The spaces shown in the footer line are just for illustration.
The parameters are optional and a comma-separated key-value list. Their meaning is codec-specific.
The chapter name is optional and a JSON string in double-quotes.
The "newline" might be a single NL character or a CR-NL sequence.
There is no "chunk footer".

Codecs

plain – plaintext

This is used for every data that is considered as "plaintext", e.g. source code
If the data contain lines that parses as gar header or footer lines these lines are escaped in a special way: ~( line )~ Optionally overlong lines can be escaped the same way and folded at a suitable position.

siso93 – tagged encoding for arbitrary binary data

All data that is not "plaintext" – and doesn't have a format-specific codec – is considered as "binary" data and encoded with this codec.
Unlike base64 or base85 this encoding keeps ASCII text snippets in the data human-readable. To make it diff-friendly (a local change, insertion od deletion of data results in a small diff) a special encoding is used:
1. A rolling checksum is used to split the data in content-dependent chunks. The minimum & maximum lenghts of the chunks can be configured.
2. Within each chunk every 4 (binary data) octets are encoded into 1 "tag" char and 4 "data" chars. These chars are only printable ASCII chars.
3. Each chunk is encoded in one "tag line", followed by one "data line".

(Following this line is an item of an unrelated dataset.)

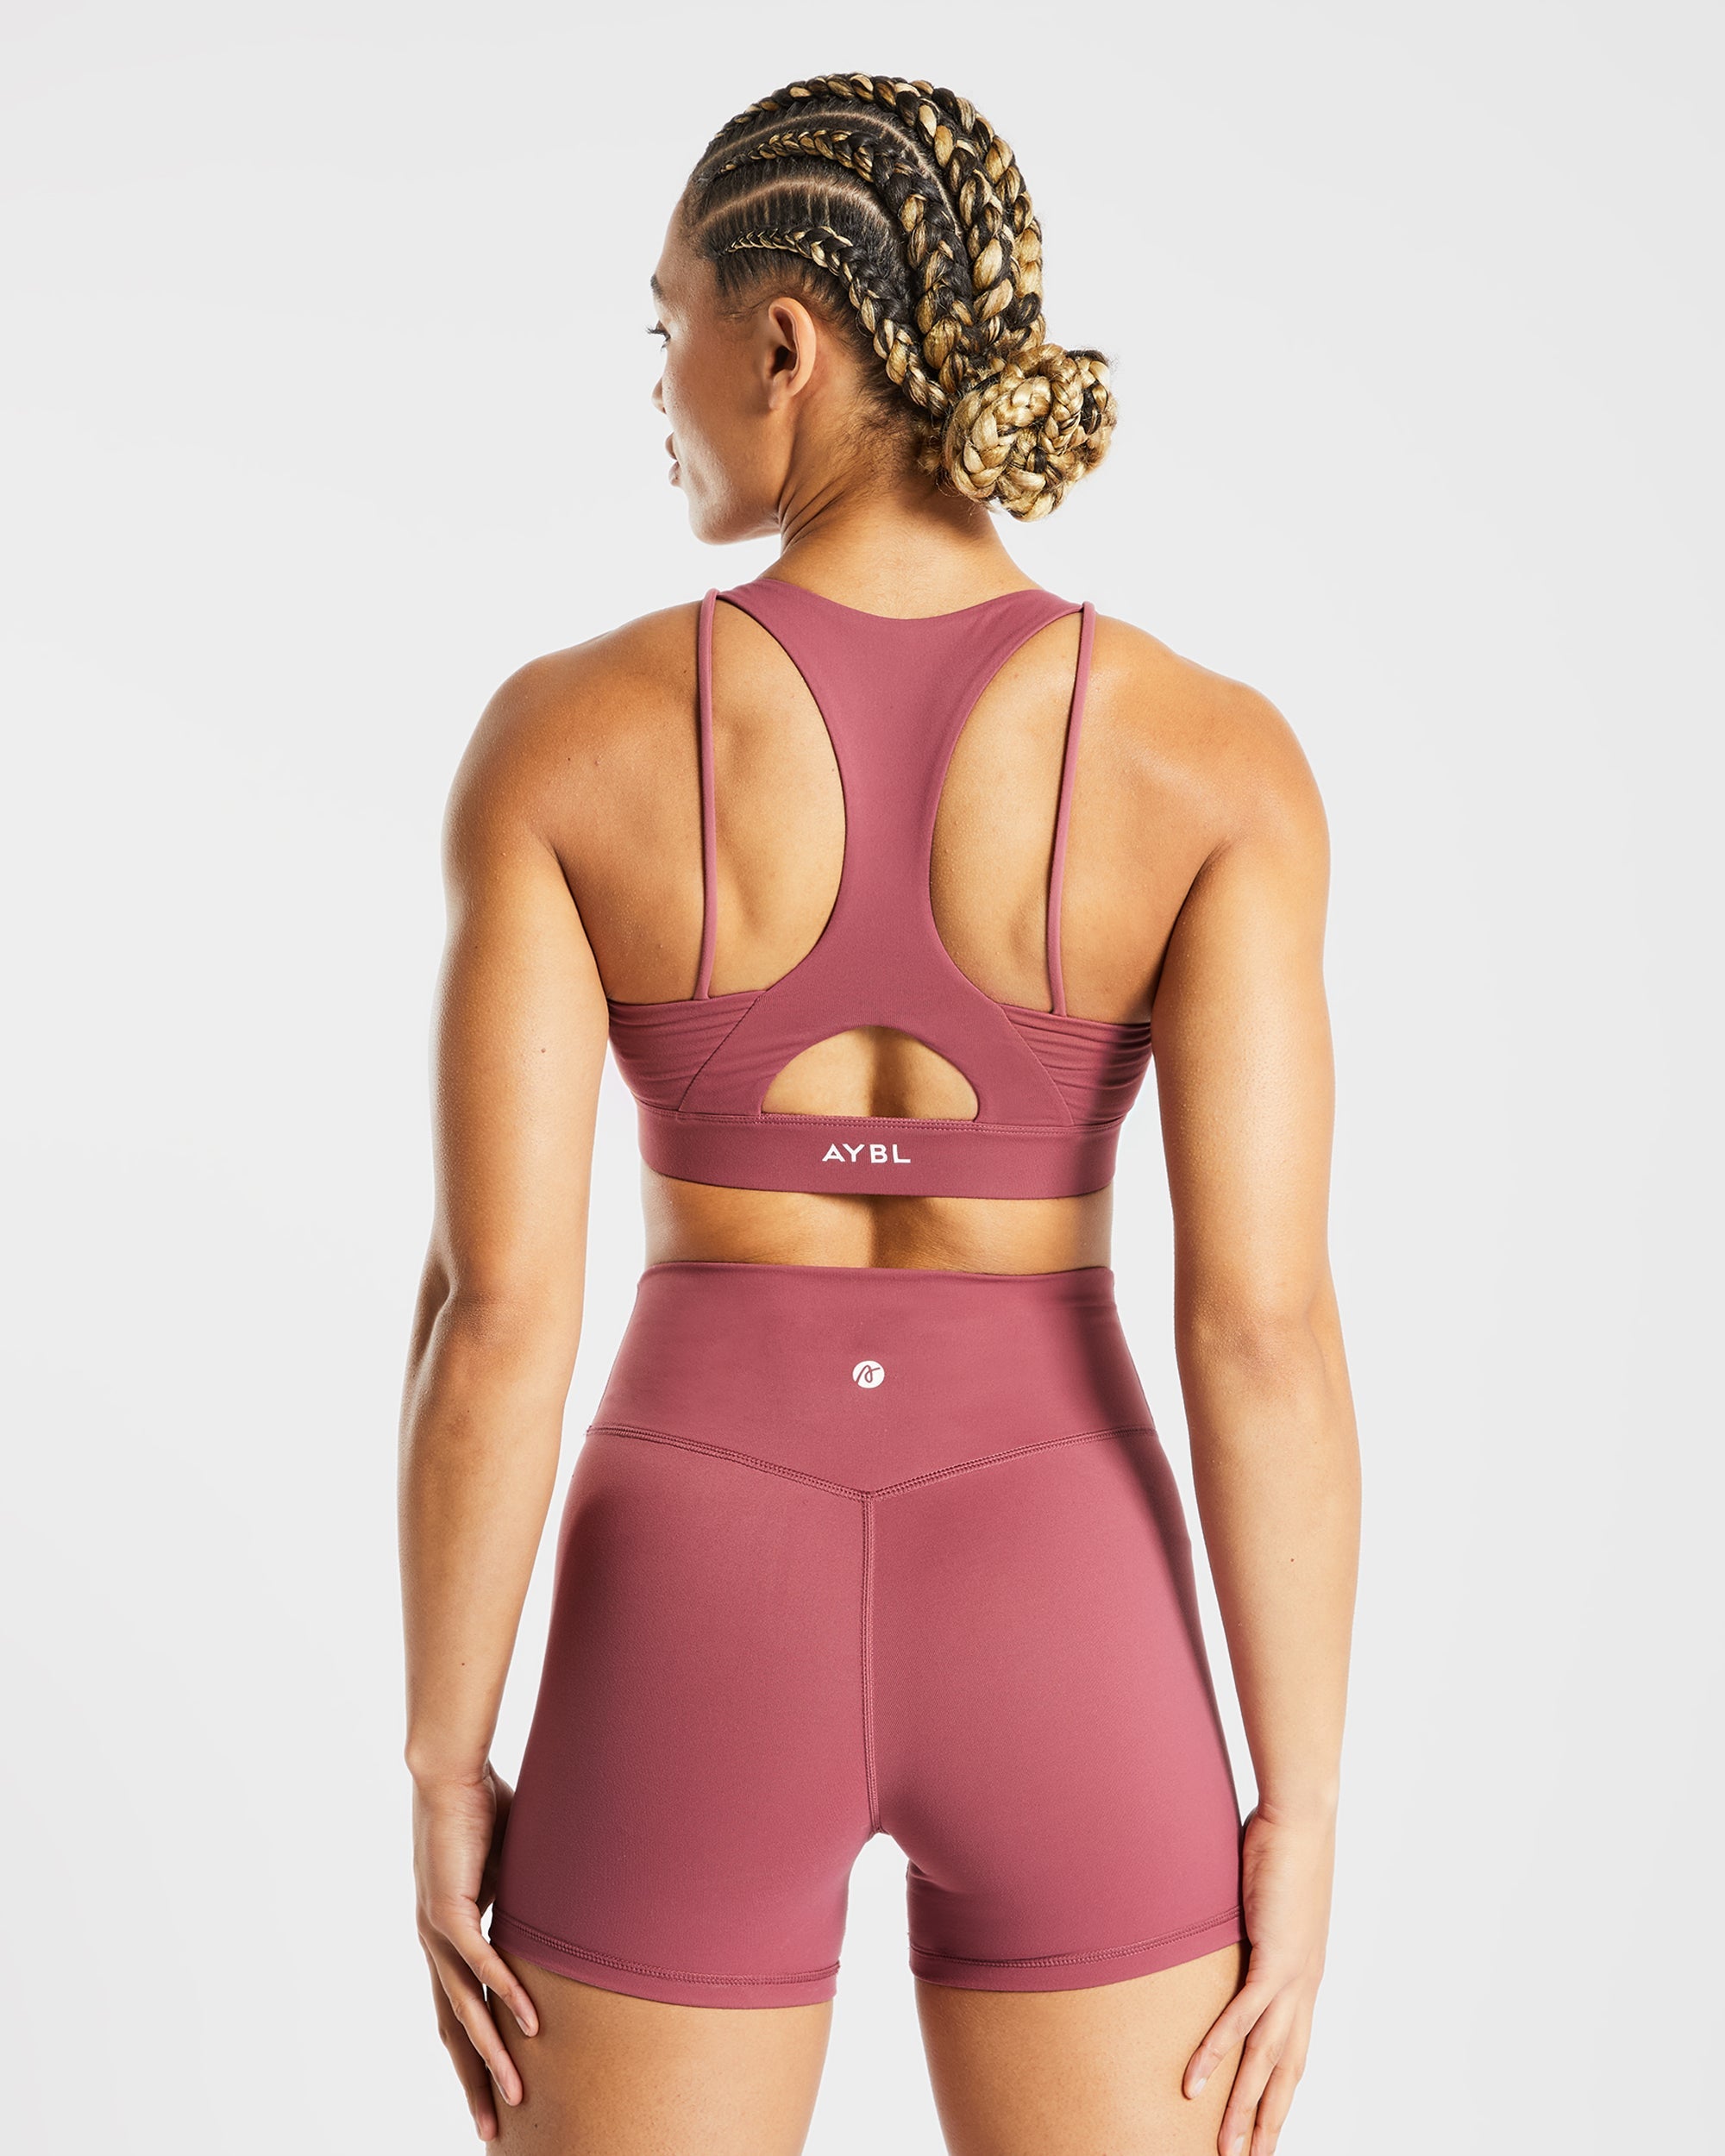 AYBL essential strappy sports bra Black Size M - $18 (48% Off Retail) -  From Kara

xmltidy - pretty-printed XML

XML data that is stored "pretty-printed" with proper line breaks and indentation, making it diff-friendly
Because the original layout of the XML data is lost, this codec is not reversible!

jsontidy – pretty-printed JSON

JSON data that is stored "pretty-printed" with proper line breaks and indentation, making it diff-friendly
Because the original layout of the JSON data is lost, this codec is not reversible!

zip – for ZIP files, JAR archives, office files, too (Open Document and Microsoft's OOXML)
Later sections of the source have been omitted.